General Stanley McChrystal was fired from his post after admitting in a Rolling Stone interview that the war was not popular, could not be won, and was nothing but a “bleeding ulcer.”

His successor, General David Patraeus, said: “You have to recognize that I don’t think this is a war you win. This is the kind of fight we’ll be in for the rest of our lives and our kids’ lives.”

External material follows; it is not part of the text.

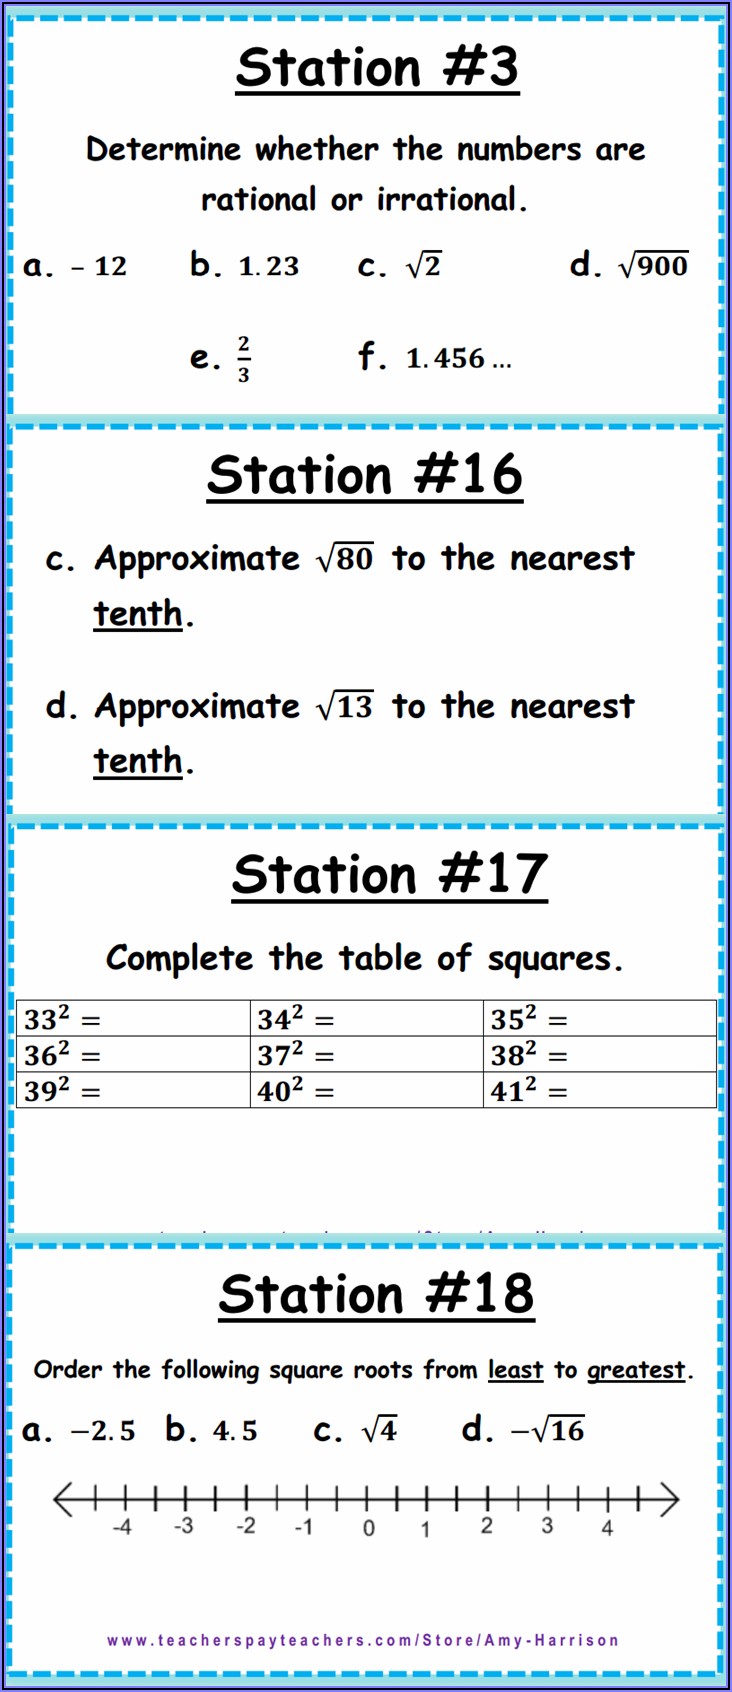 Rationalirrational Numbers Worksheet Answers

The strategy in Afghanistan has been to attempt to make the U.S. appear strong as an imperial force despite being defeated by the poorest people on the planet. This is how destroying the hospital in Kunduz fits neatly in U.S. strategy. Their aim is to leave behind a crippled Afghan society. Their aim is to prevent Afghans gaining access to medical attention, to schools, to work, to anything resembling a normal civil life.

This strategy has been repeated by the U.S. each time it was defeated by a people’s war for independence from Korea and Vietnam to Iraq and Afghanistan.

The only way to end the war crimes is to end the U.S. occupation immediately and to end this prolonged collective punishment aimed at the Afghan people for their heroic defiance of Washington’s dictates.